Vous souhaitez que votre adolescent adopte une alimentation plus saine ? Changer ses habitudes alimentaires est à la portée de tous, mais il convient d'aborder cette démarche avec douceur. Un changement brusque pourrait renforcer ses résistances et ses comportements alimentaires indésirables.
Il adore le Nutella ? Plutôt que de le priver de ses préférences matinales, proposez-lui une tartine de cette pâte à tartiner mais accompagnez-la de choix nutritifs comme un jus de fruits 100% pur ou un yaourt. La clé réside dans la diversité : alterner entre glucides, lipides, protéines, fibres, et vitamines pour éviter qu'il ne se limite à une alimentation peu variée à la cantine.

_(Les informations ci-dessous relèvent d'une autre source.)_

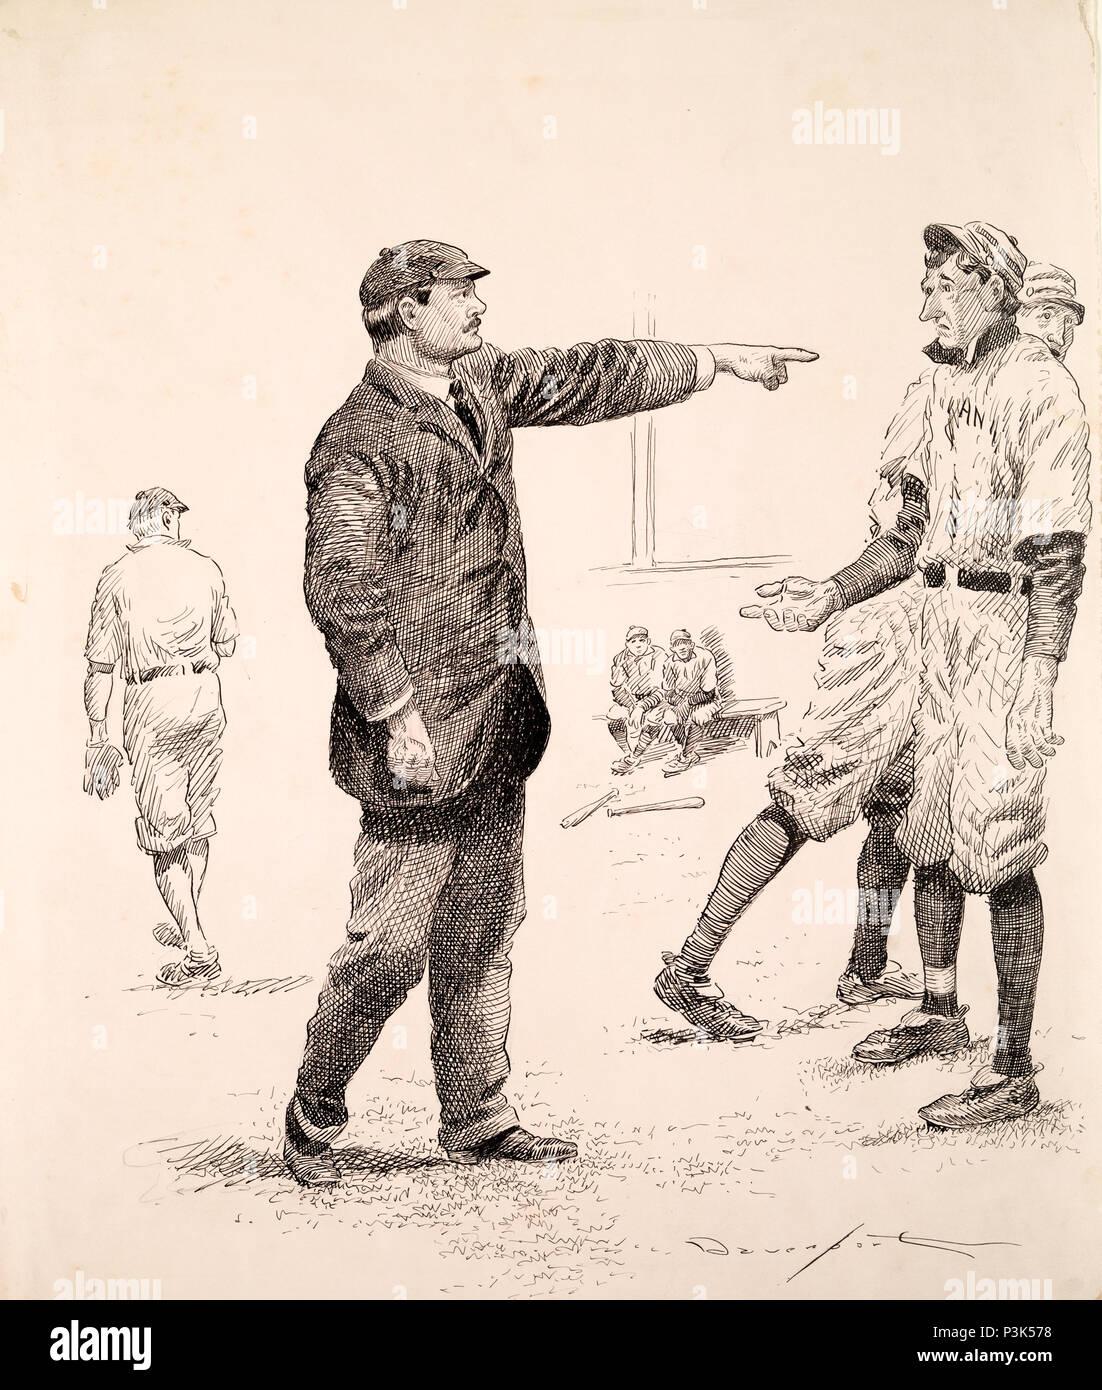 Baseball Umpire - Stock Image

Concernant le dîner, il est crucial de réduire la densité énergétique des repas. Avec deux collégiens sur trois prenant leur repas à la cantine, le soir est le moment favorable pour agir. Commencez le repas par des crudités présentées de manière attrayante, optez pour une cuisine allégée en matières grasses, et toujours inclure des féculents et des légumes (pâtes à la ratatouille, risotto aux asperges, taboulé fait maison). Remplacez les viandes grasses par de la volaille ou du poisson, et privilégiez un yaourt plutôt qu'un fromage, tout en proposant des fruits bien mûrs au lieu de desserts caloriques.

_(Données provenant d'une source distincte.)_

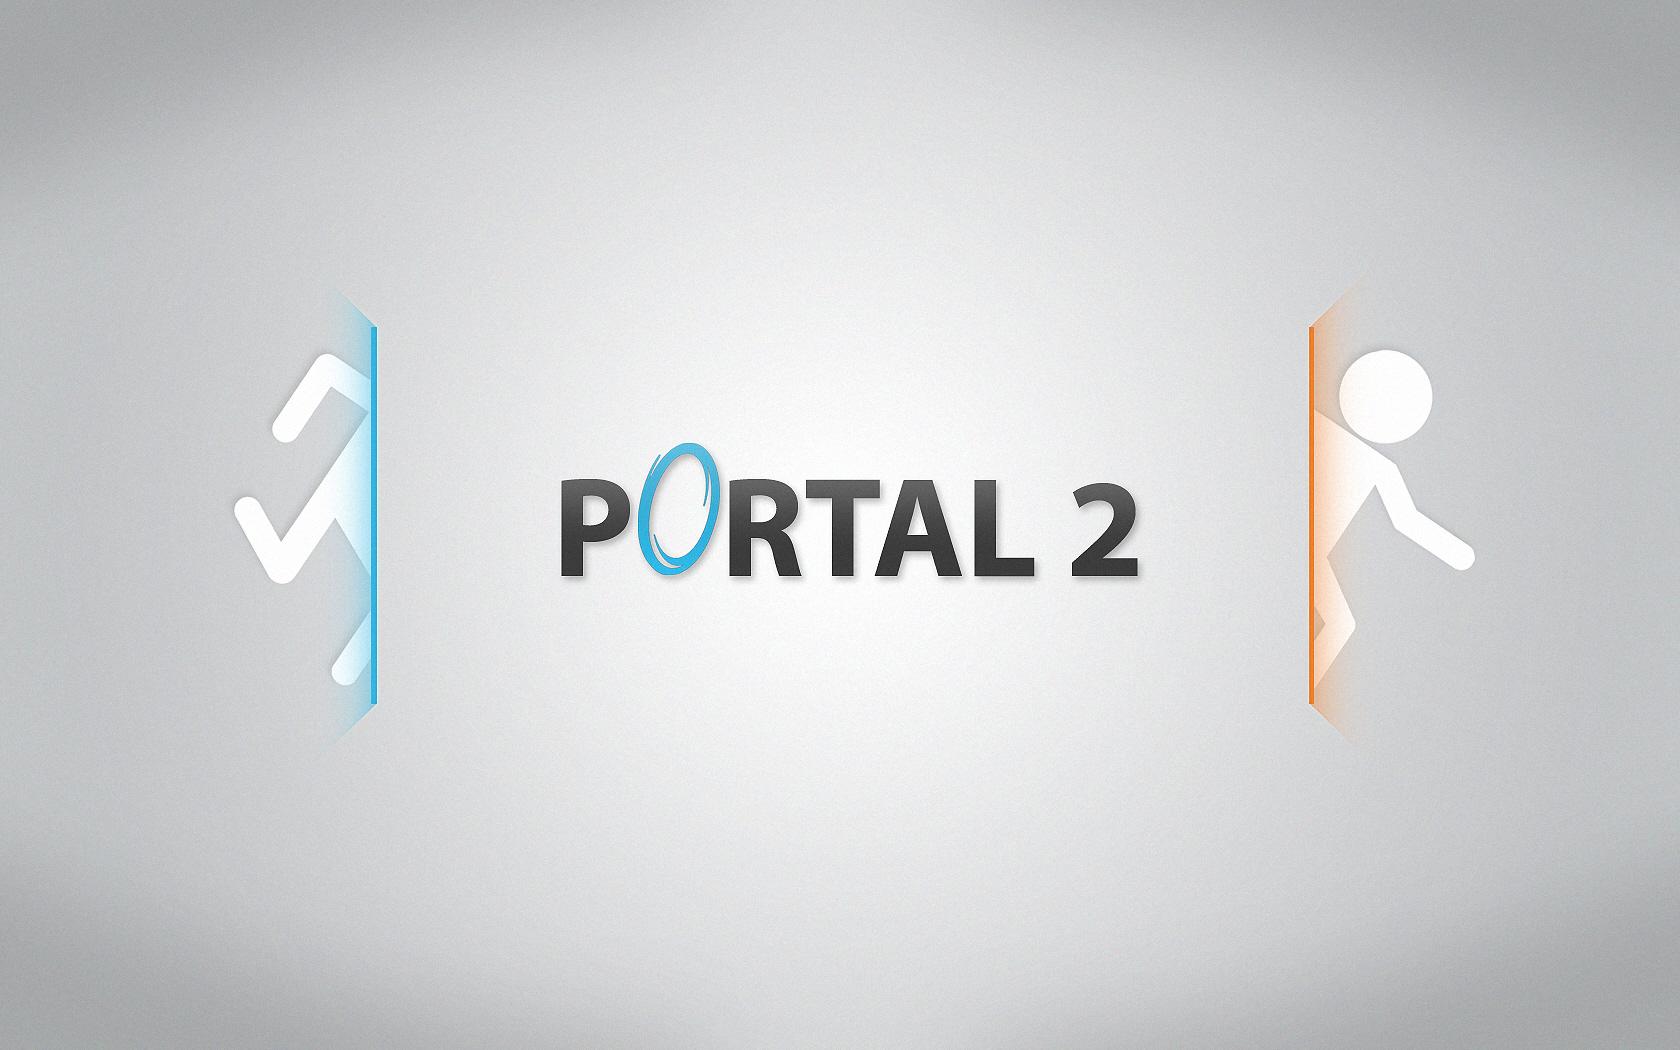 Portal 2 White Logo Is Awesome

Gardez également vivant les rituels familiaux qui rassurent les adolescents. Qu'il s'agisse de la pizza géante du vendredi soir ou de la boîte de raviolis du lundi, ces traditions peuvent coexister avec une alimentation plus équilibrée. Prévoyez aussi quelques soirées où tout est permis, comme une nuit crêpes ou un plateau télé pour regarder un match de foot.

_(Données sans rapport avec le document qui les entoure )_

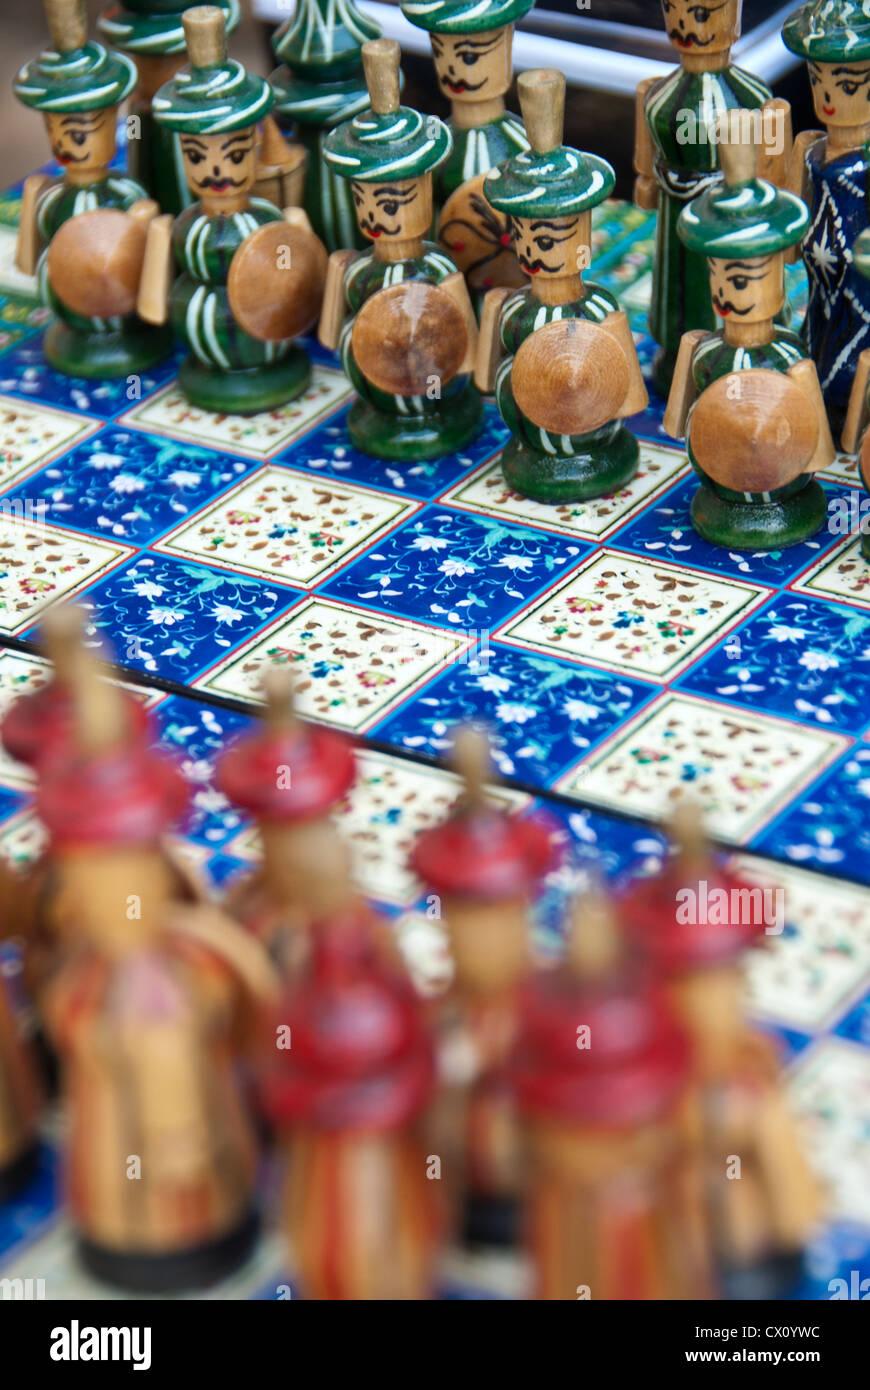 Handmade Chess game and Pieces, Samarkand, Uzbekistan Stock Photo

Une vision nuancée de l'alimentation adolescentine
Les adolescents sont souvent stigmatisés pour leurs choix alimentaires, mais une récente étude sur la santé des jeunes révèle des aspects positifs. La consommation de sodas et de jus n'a pas bougé depuis 2006, tandis que la consommation de sucreries a diminué. Parallèlement, l'apport en fruits et légumes augmente, avec 39% des adolescents consommant des fruits et 44% des légumes en 2010. En revanche, le petit déjeuner demeure un point faible, avec 58% des collégiens ne prenant pas ce repas essentiel chaque matin.